While the Gaussian Copula is a powerful and versatile model for generating synthetic data, especially for tabular data, the field of synthetic data generation is constantly evolving. More advanced techniques are being developed, and one area of active research and application is **diffusion generative models**.

Diffusion models are a type of deep generative model that have shown remarkable success in generating complex data, particularly in areas like image and audio synthesis. The core idea behind diffusion models is a two-step process:

1.  **Forward Diffusion:** Gradually adding random noise to the real data until it becomes pure noise.
2.  **Reverse Diffusion:** Learning to reverse this noise process, starting from random noise and gradually removing it to generate new data samples that resemble the real data.
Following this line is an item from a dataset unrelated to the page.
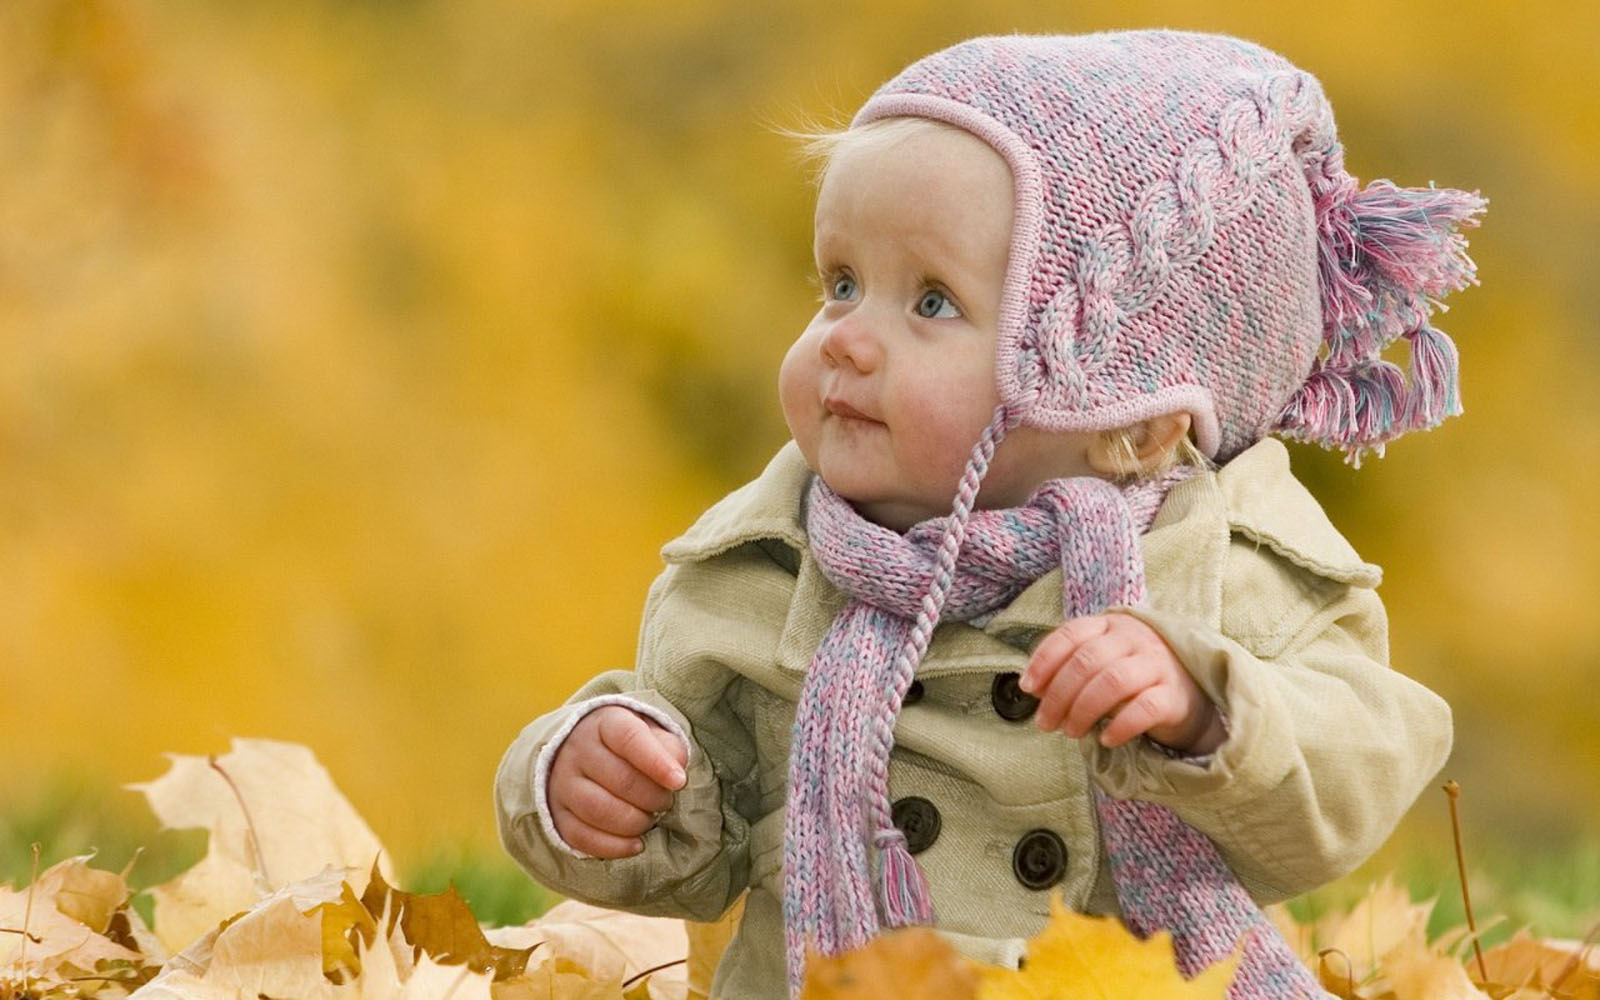 wallpaper: Cute Babies Hd Wallpapers

**Relevance to Brainwave and Movement Data:**

Diffusion models hold promise for generating highly realistic and nuanced synthetic time-series data, such as brainwave and movement recordings. Their ability to capture complex temporal dependencies and subtle variations in data could lead to synthetic datasets that are even more statistically similar to the original recordings, potentially improving the performance of downstream analyses or machine learning models trained on this data.
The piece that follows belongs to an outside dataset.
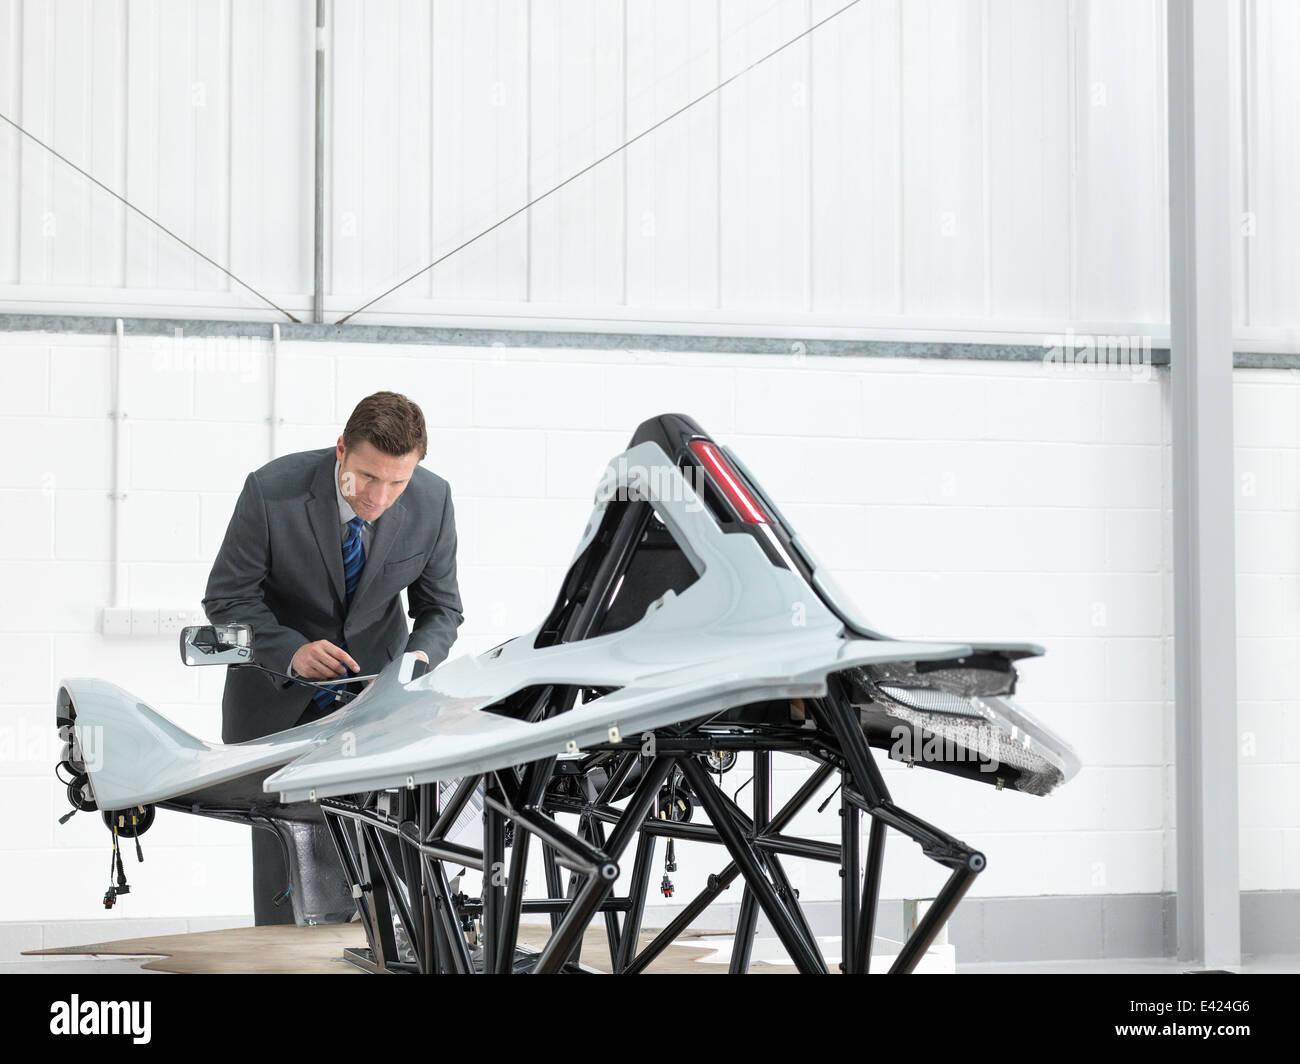 Automotive designer inspecting part-built supercar in car factory - Stock Image

**Implementation Considerations (Advanced):**

Implementing diffusion models for tabular or time-series data like ours is more complex than using the Gaussian Copula. It typically involves:

*   Building or using pre-trained deep learning models.
*   Significant computational resources for training.
*   More advanced understanding of deep learning concepts.

While the SDV library primarily focuses on models like Gaussian Copula, CTGAN, and TVAE for tabular data, the underlying principles of diffusion models are relevant to the future of synthetic data generation for complex datasets.

**Note:** Implementing a diffusion generative model for this specific dataset is an advanced topic and is beyond the scope of this introductory notebook. However, it's important to be aware of these <mark>emerging techniques<mark> in the field of synthetic data.

# 4 Generating the synth dataset

Create realistic synthetic data data that follows the same format and mathematical properties as the real data

**Parameters**

(required) `num_rows`: An integer >0 that specifies the number of rows to synthesize

`batch_size`: An integer >0, describing the number of rows to sample at a time. If you are sampling a large number of rows, setting a smaller batch size allows you to see and save incremental progress. Defaults to the same as num_rows.

`max_tries_per_batch`: An integer >0, describing the number of sampling attempts to make per batch. If you have included constraints, it may take multiple batches to create valid data. Defaults to 100.

`output_file_path`: A string describing a CSV filepath for writing the synthetic data. Specify to None to skip writing to a file. Defaults to None.

Returns A pandas DataFrame object with synthetic data. The synthetic data mimics the real data.

### Use the function below and pass in number of rows

In [None]:
synthetic_data = synthesizer.sample(
    num_rows=500 #pass number of rows
)
synthetic_data.head()

---

### 4.1 Conditional Sampling

Do you have exact values or specific conditions that you'd like to influence the synthetic data generation? Using conditional sampling allows you to provide this information and generate synthetic data that meets those criteria.

Conditional sampling can be useful to:

*   **Generate hypothetical scenarios:** By fixing values or ranges to correspond to specific conditions (e.g., higher brainwave activity).
*   **De-bias your data:** By requesting an equal balance of data points that meet certain criteria.
*   **Impute unknown data:** By providing known data points and allowing the model to generate the rest based on those conditions.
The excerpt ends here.